[WIP] Homopolymer gap cost

Table of Contents

What do we actually want?
What can we compute
Possible definitions
Linear costs
Affine costs

A typical error in ONT reads is that for (long?) runs of the same character (homopolymers), the read may report an incorrect number of copies of the character. One way to work around this during alignment is by doing homopolymer compression (see e.g (NO_ITEM_DATA:hicanu-nurk2020)), where repeated copies (runs) of a character are replaced by a single copy.

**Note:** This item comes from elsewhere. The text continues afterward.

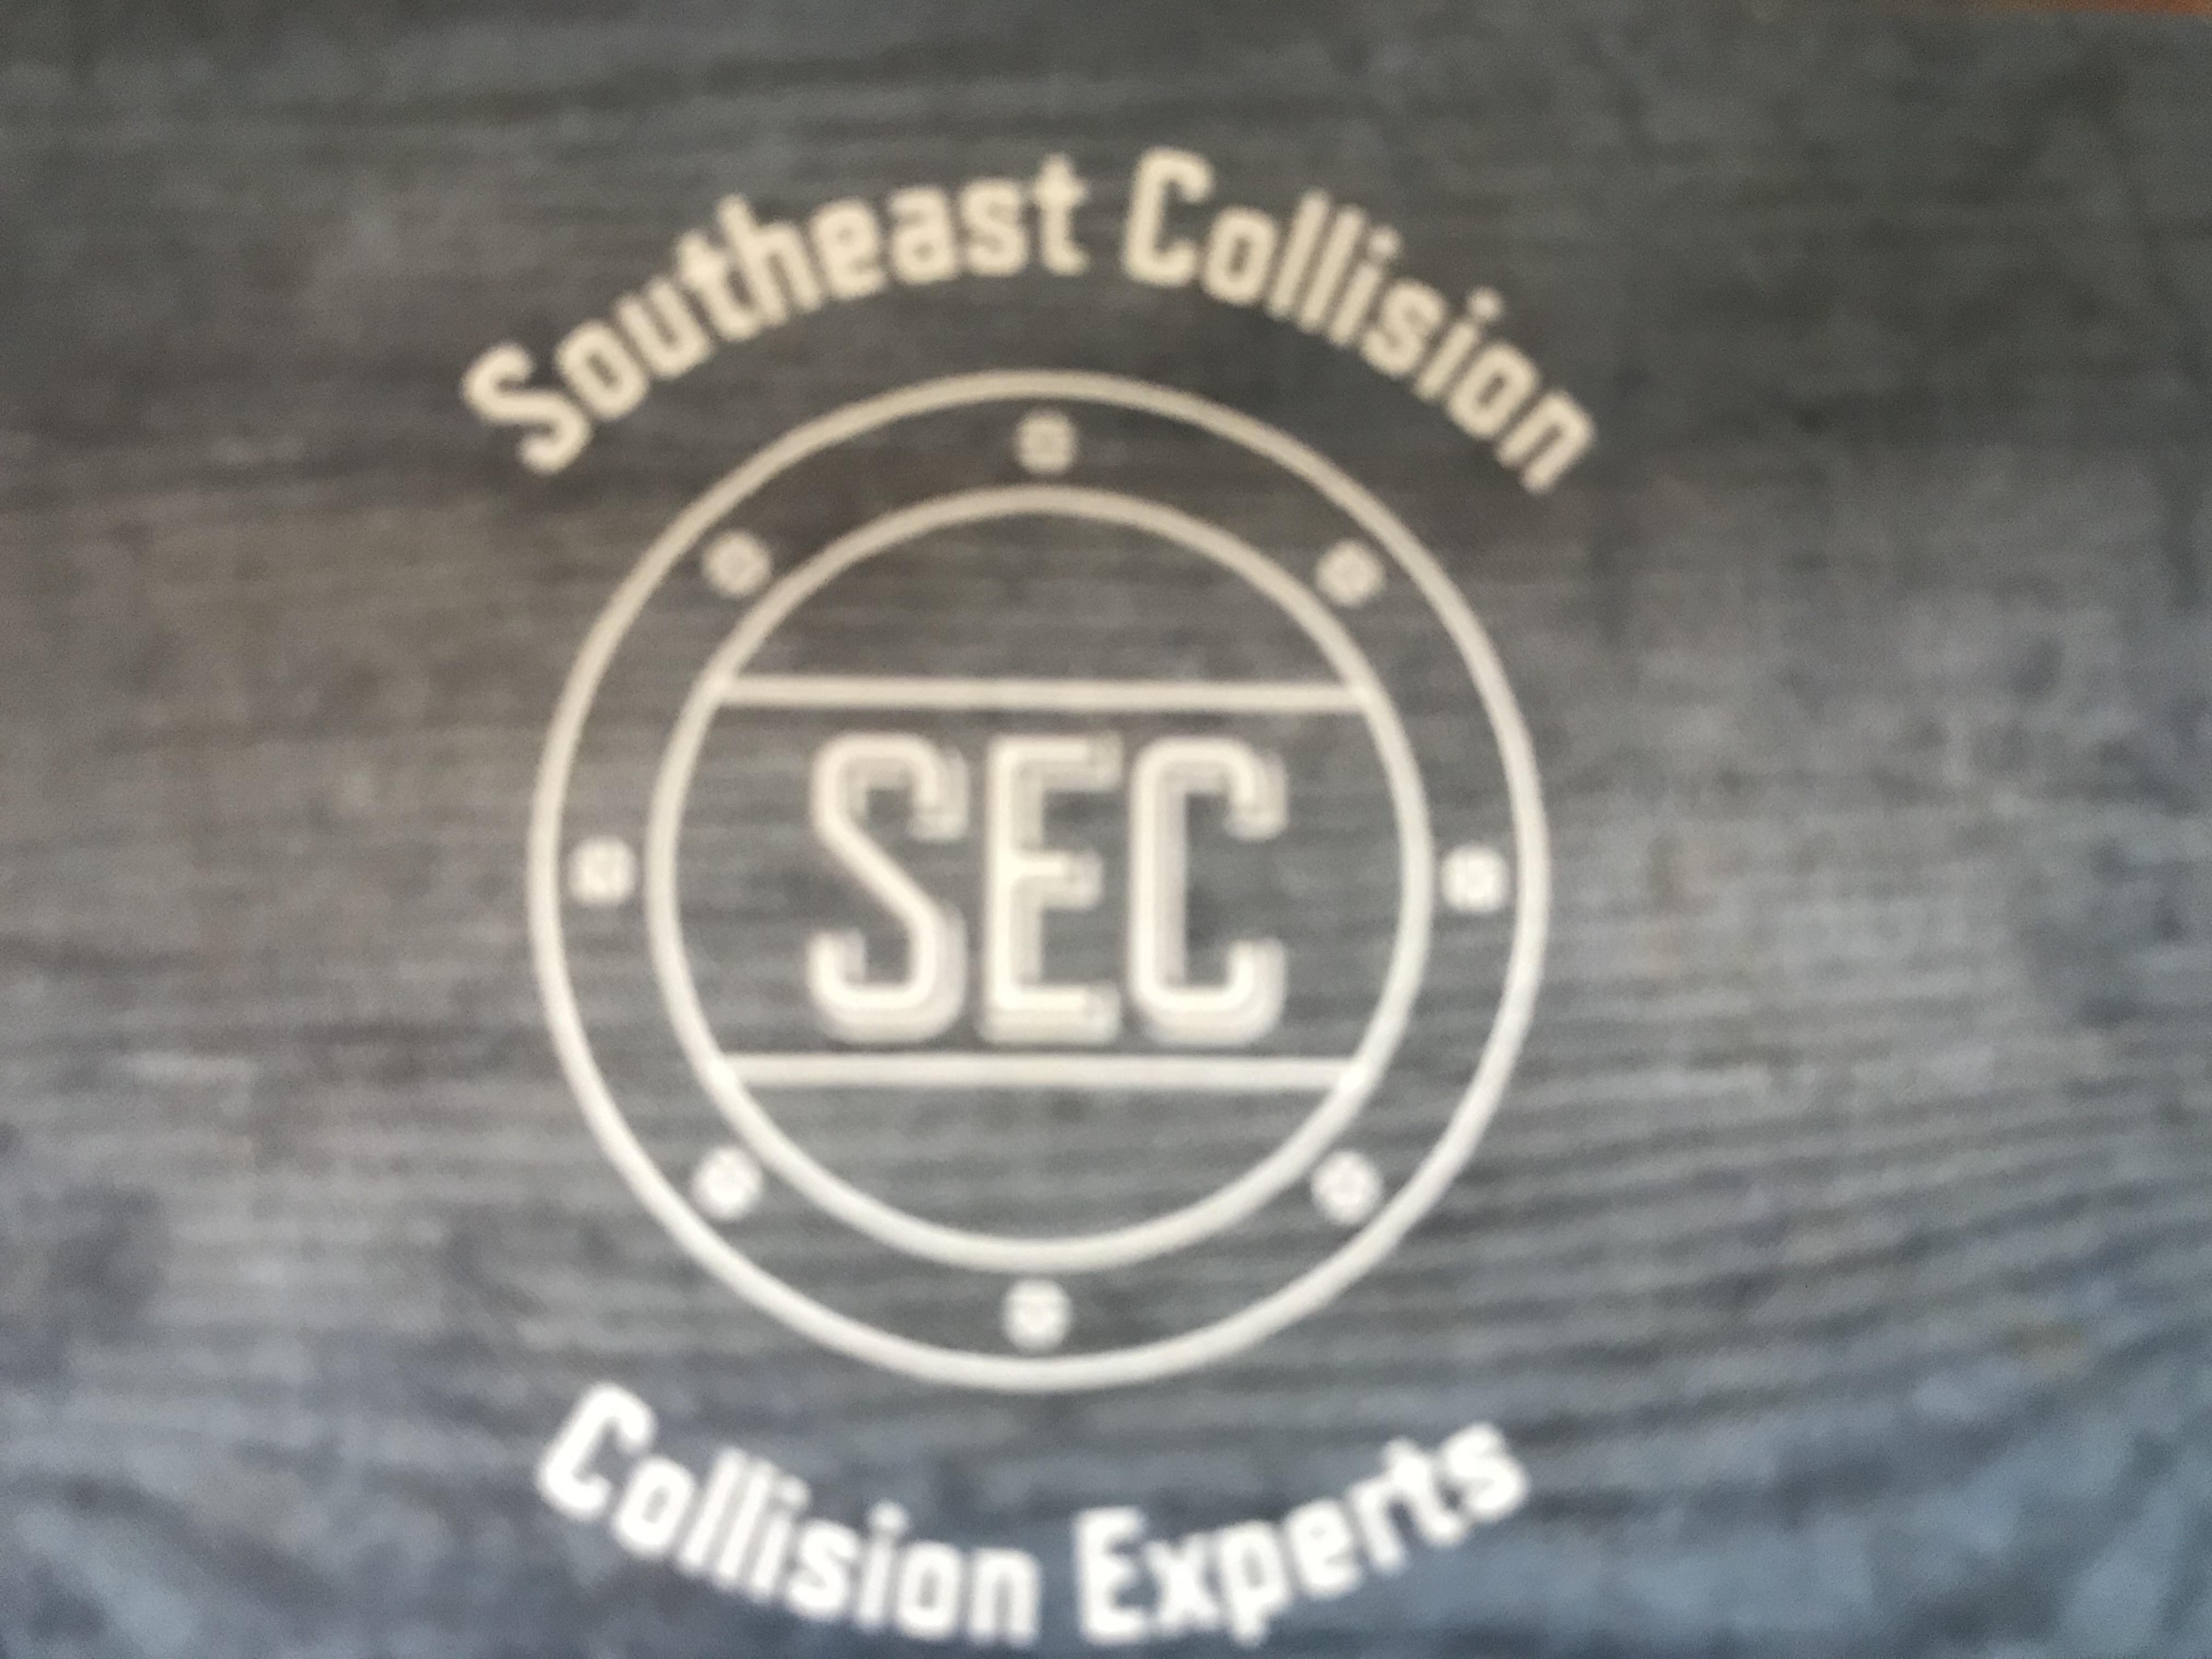 Southeast Collision Center
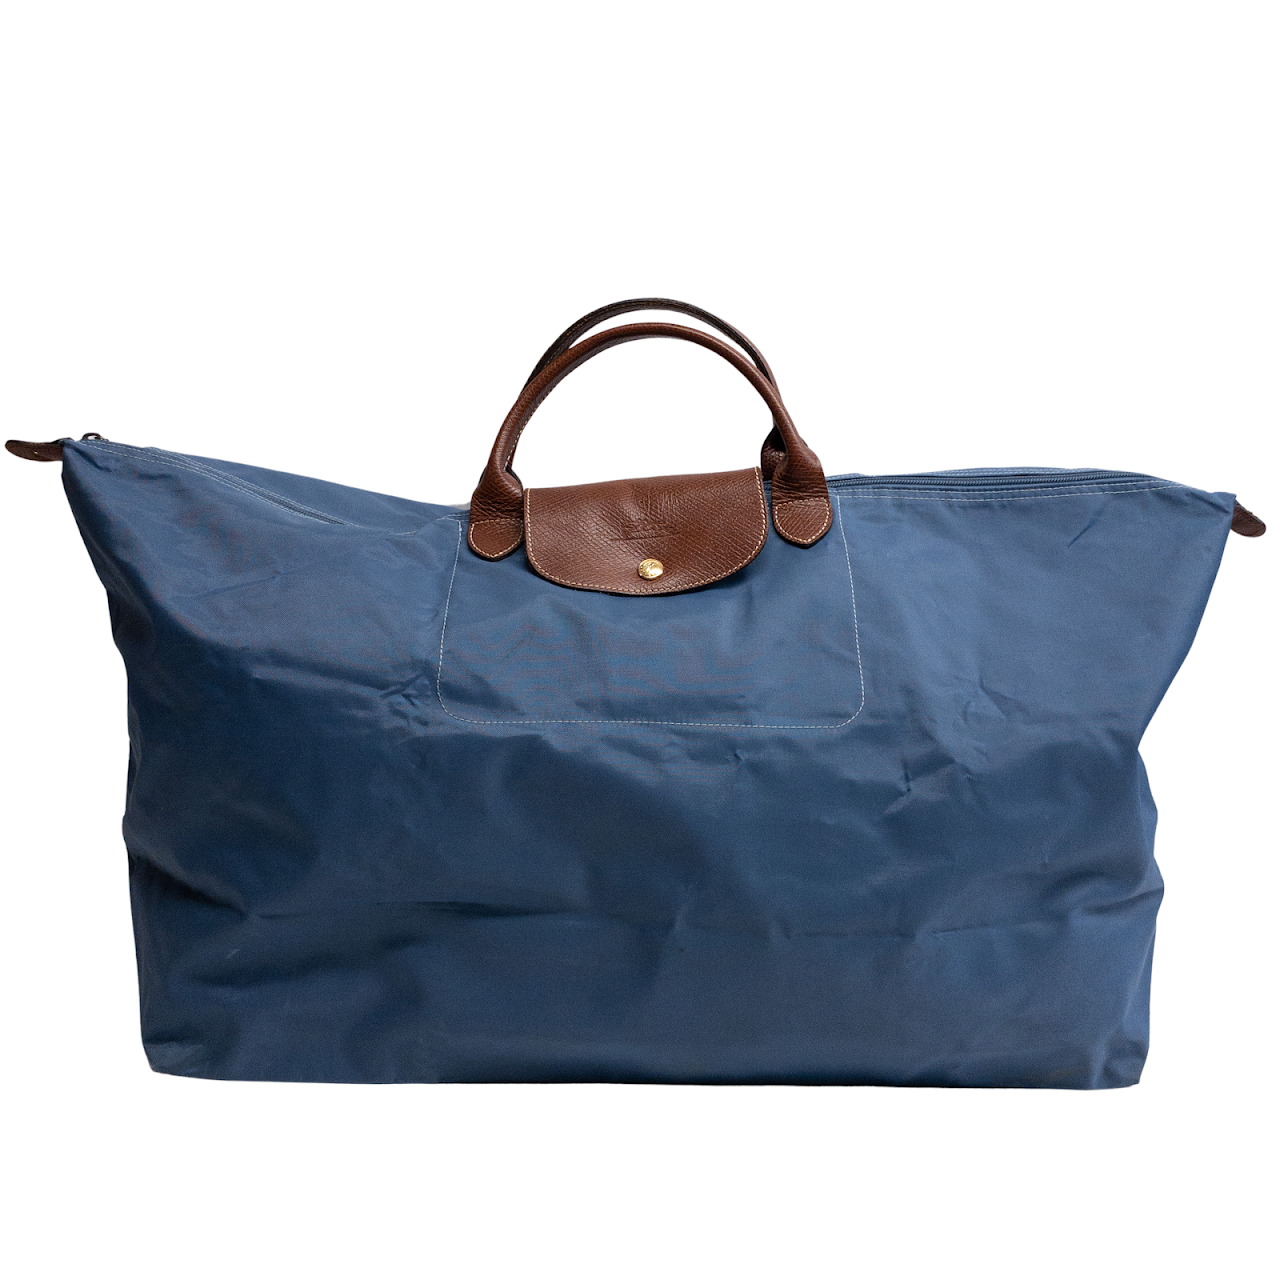 Longchamp Large Le Pliage Tote Bag

In a discussion with Sergey Nurk and Pesho Ivanov, the idea came up to introduce a new type of mutation for pairwise alignment that accounts for this type of errors.

This posts goes over some possible implementations of this idea. Further work will be needed to choose the right one and find good parameters for the actual discrepancy between real and observed homopolymer lengths (e.g. Fig. 9 of (Delahaye and Nicolas 2021)).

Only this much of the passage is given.